93. Но что нам долее останавливаться на Евангельских и Апостольских заповедях, когда и Ветхий Закон, который, кажется, несколько послабляет немощам нашим, тоже предостерегает от него, говоря: да не возненавидиши брата твоего во уме твоем (Лев. 19, 17), – и опять: путие злопомнящих в смерть (Притч. 12, 28), – и еще: да не отмщает рука твоя, и да не враждуеши на сыны людей твоих (Лев. 19, 18)? – Видишь, что и там неблагорасположенность к братиям отсекается не в деле только, но и в тайных помышлениях, когда повелевается с корнем извергать из сердца ненависть и за обиду не только не воздавать, но даже и не помнить о ней.

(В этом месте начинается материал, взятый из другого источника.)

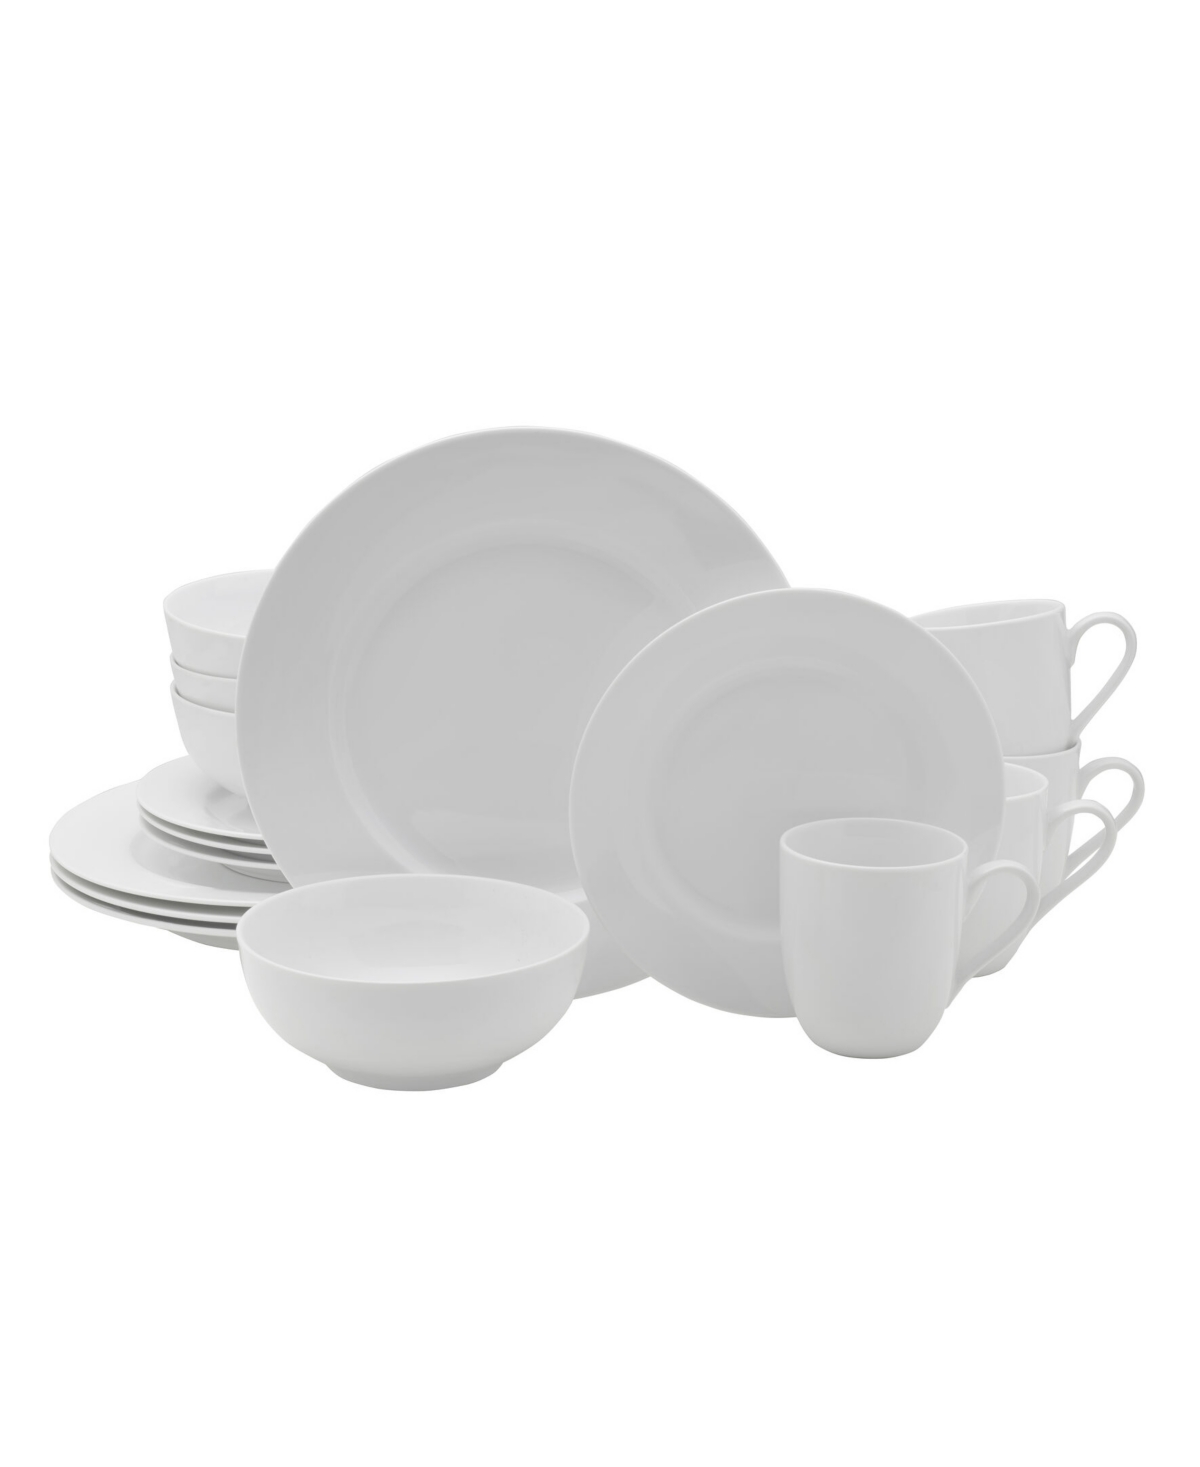 Everyday Whiteware Classic Rim 16 Piece Dinnerware Set, Service for 4 - White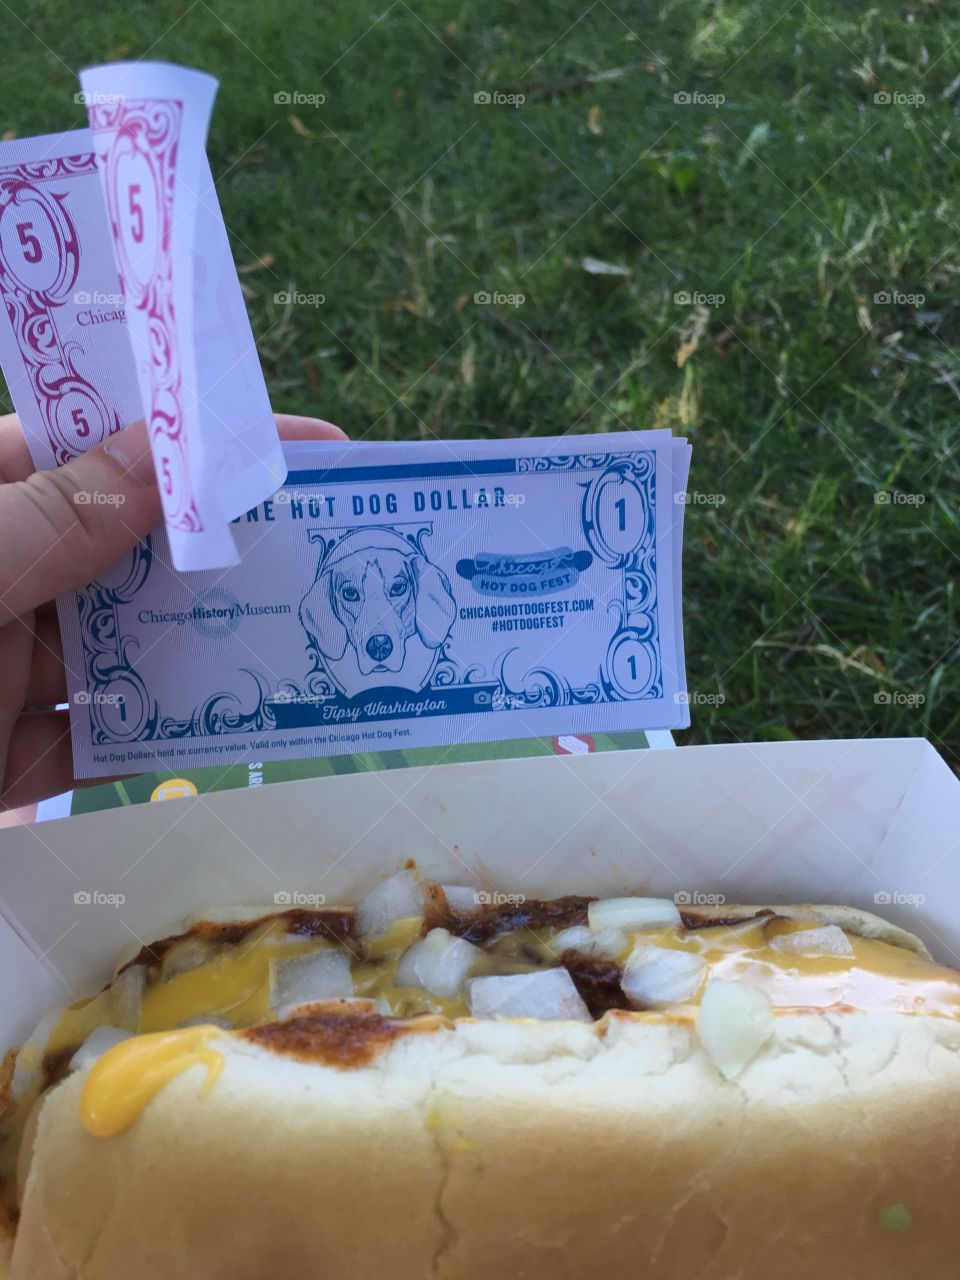 Hot dog dollars

94. Иногда побежденные гордостию или нетерпением, когда чувствуем особое внутреннее понуждение исправить свой нестройный и беспорядочный нрав, жалуемся в себе, что не достает нам пустыни, в том, подразумевается, чаянии, что там, не будучи никем тревожимы, тотчас приобрели бы мы добродетель терпения, извиняя очевидно тем свое нерадение (об укрощении порывов гнева) и причину возбуждения их не своему приписывая нетерпению, а слагая на братий. Но если мы будем таким образом на других слагать причины нашей в сем неисправности, то никогда не возможем прийти в должную меру терпения и совершенства. Дело исправления и умирения сердца нашего не помещай в руках произволения другого, нашей власти нимало не подлежащего, но соблюдай его в благонастроении нашего произволения. Чтобы нам не приходить в гнев, это должно зависеть не от совершенства другого, но от нашей добродетели, стяжеваемой не чужим терпением, а собственным великодушием.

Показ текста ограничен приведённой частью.